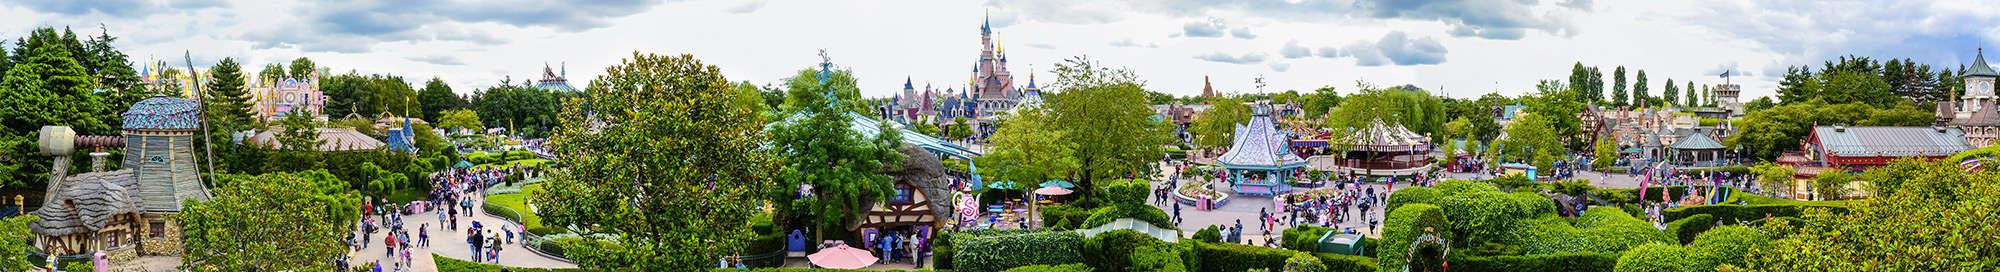 Week end e soggiorni Parco Disneyland® Paris
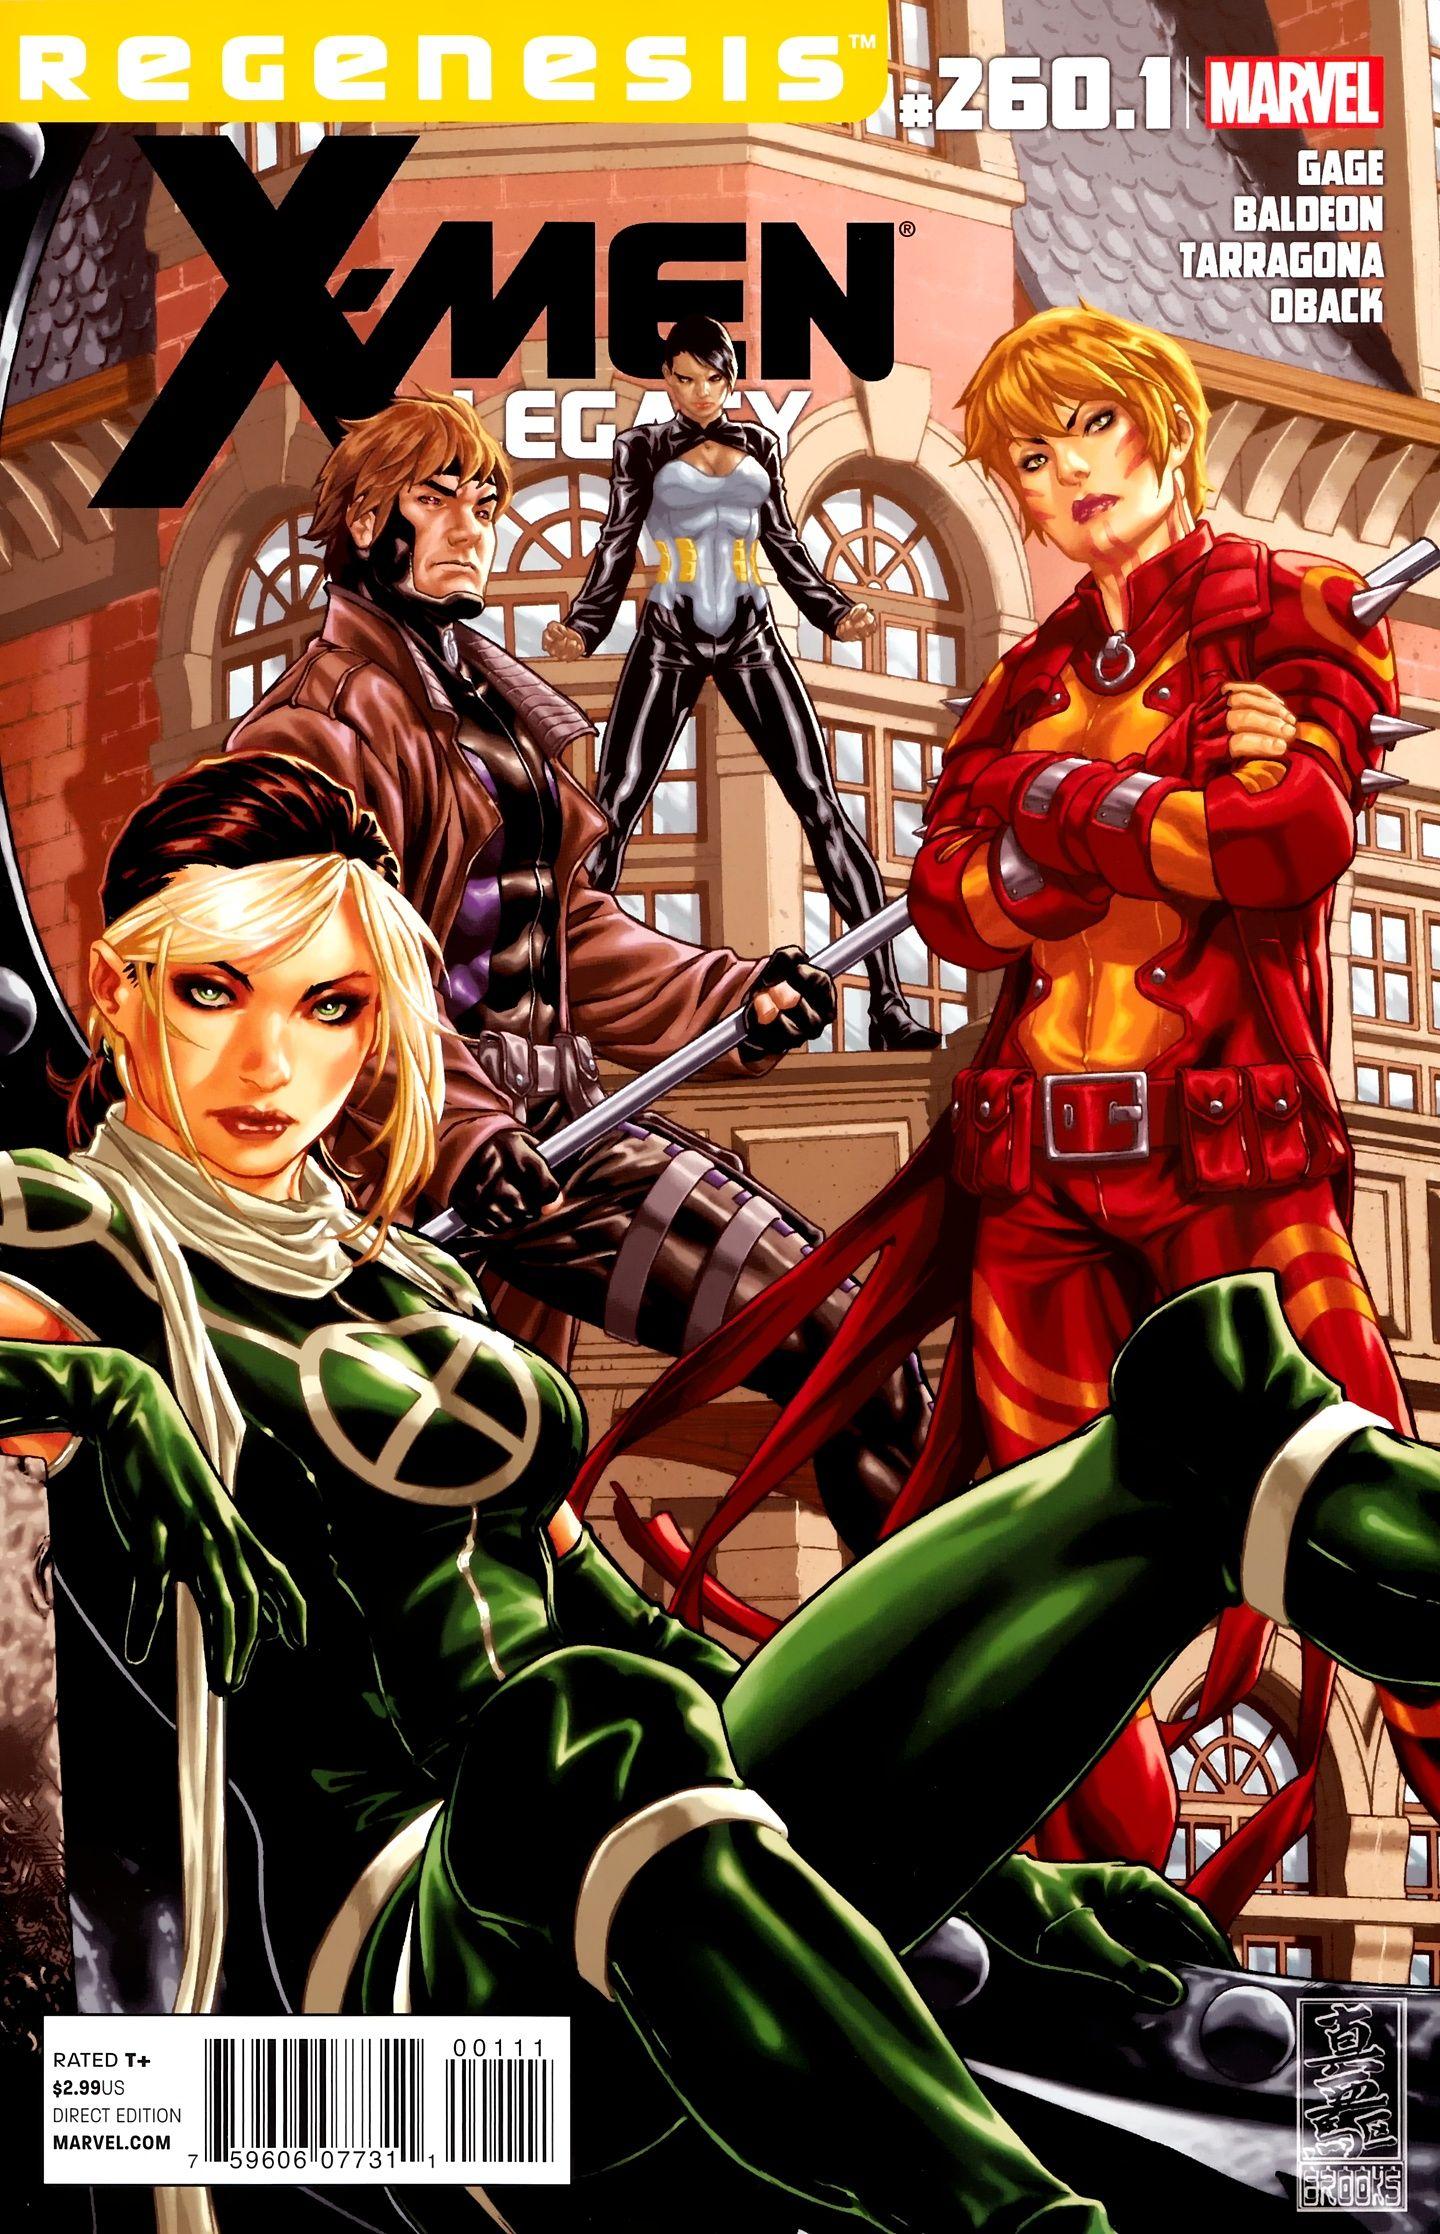 X Men Legacy Vol 1 260 1 Cover Art By Mark Brooks Marvel Girls Comics Comic Illustration
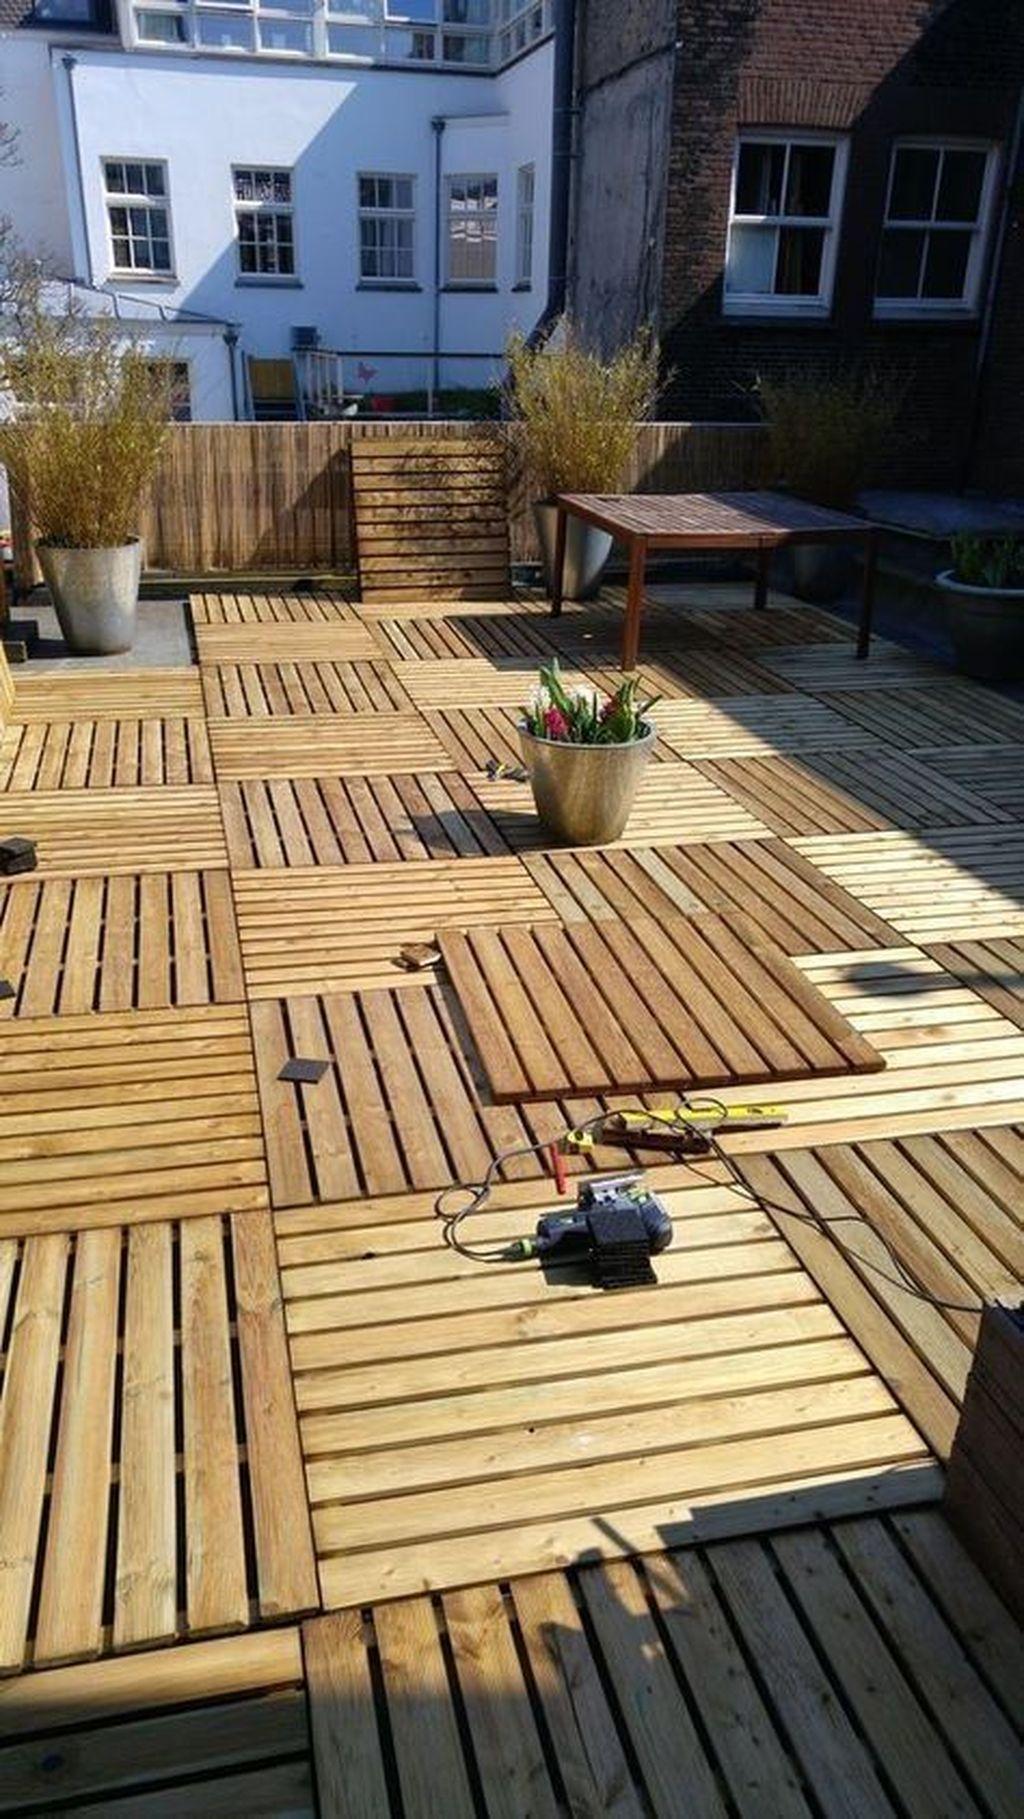 34 fantastic diy pallet ideas for outdoor spring
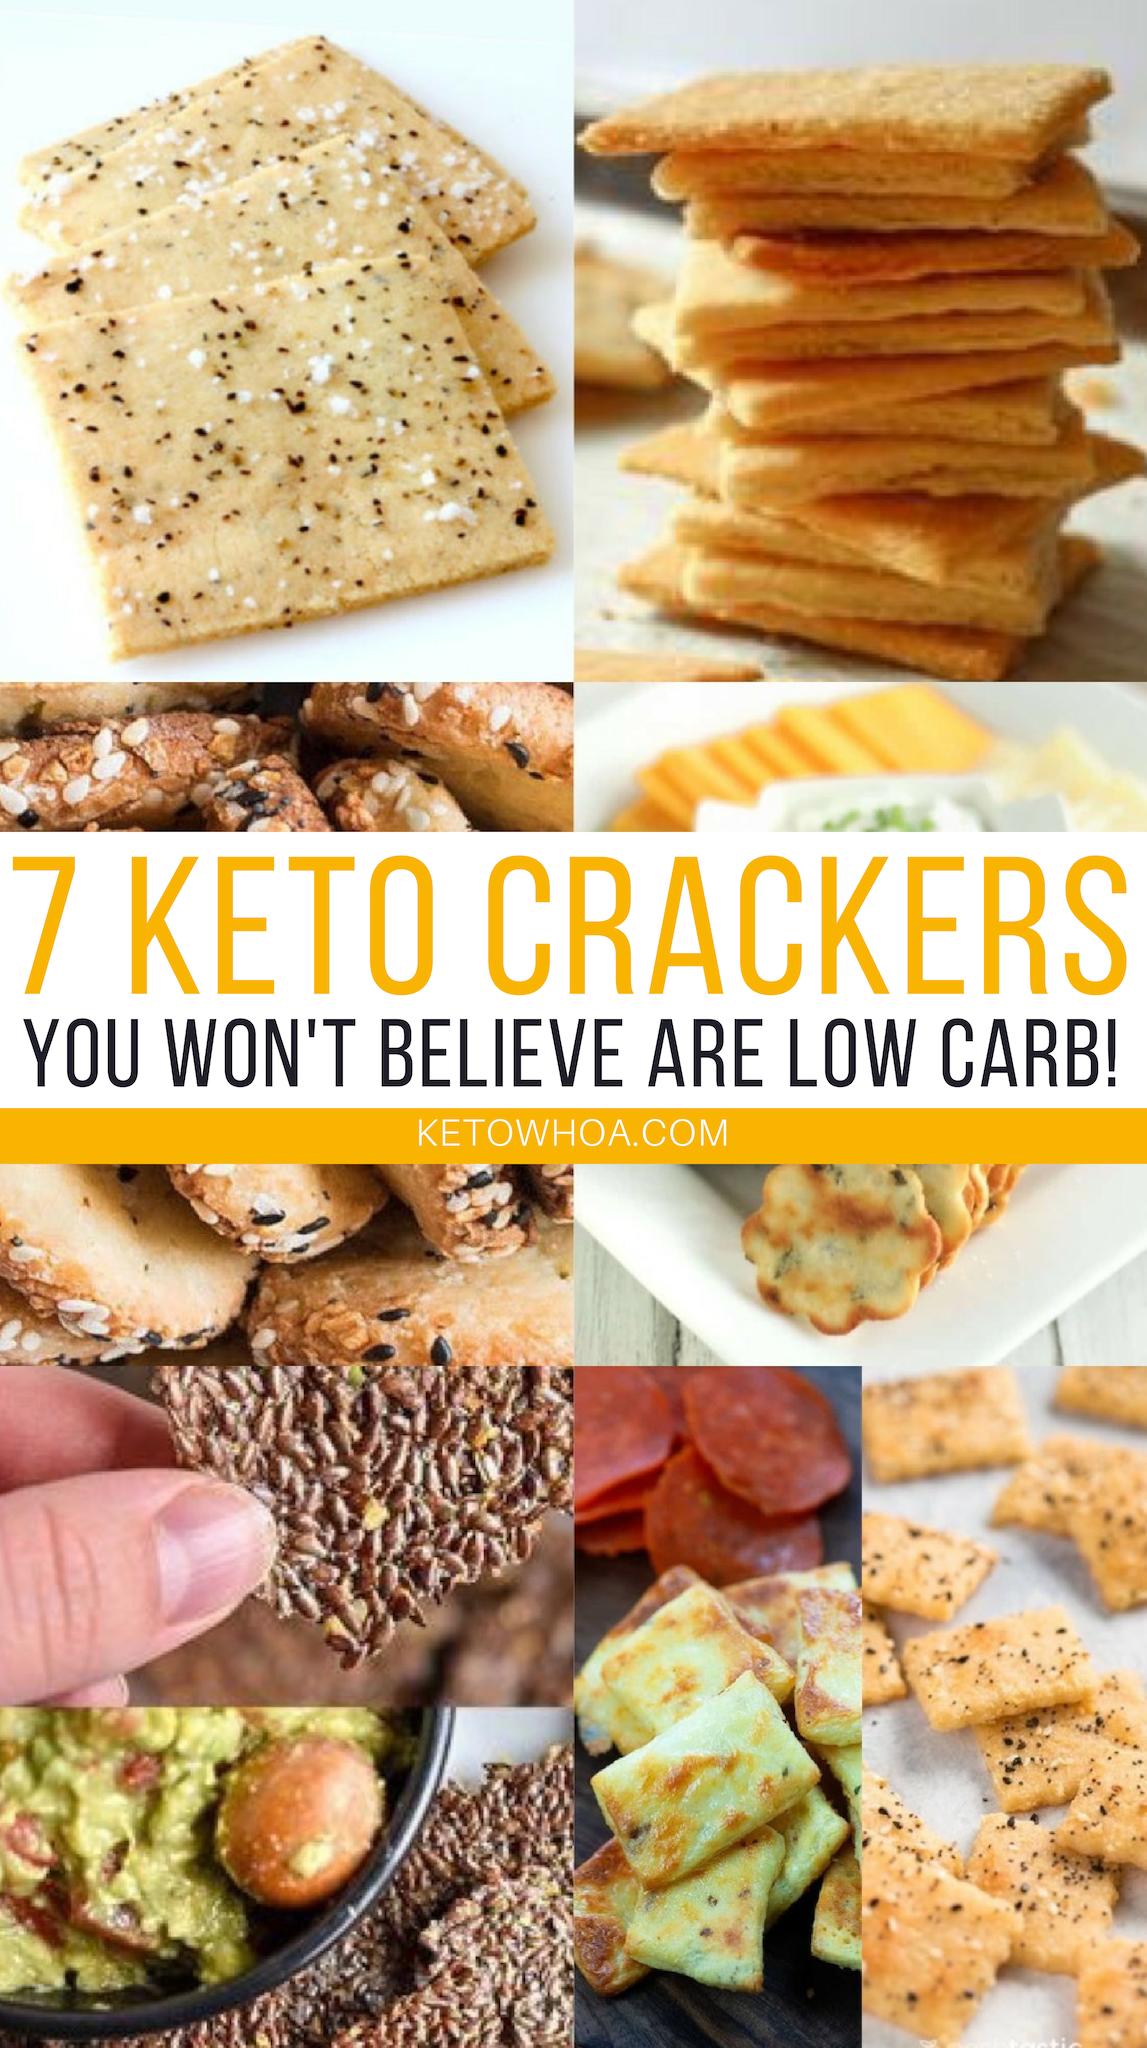 7 Best Low Carb Keto Cracker Recipes That Ll Revolutionize Snack Time Keto Whoa Keto Crackers Recipe Low Carb Keto Vegan Keto Diet

——————

WHAT IS NEEDED » Repeat the data above exactly, leaving out any pictures it holds.

TASK RESULT »
 Week end e soggiorni Parco Disneyland® Paris
 X Men Legacy Vol 1 260 1 Cover Art By Mark Brooks Marvel Girls Comics Comic Illustration
 34 fantastic diy pallet ideas for outdoor spring
 7 Best Low Carb Keto Cracker Recipes That Ll Revolutionize Snack Time Keto Whoa Keto Crackers Recipe Low Carb Keto Vegan Keto Diet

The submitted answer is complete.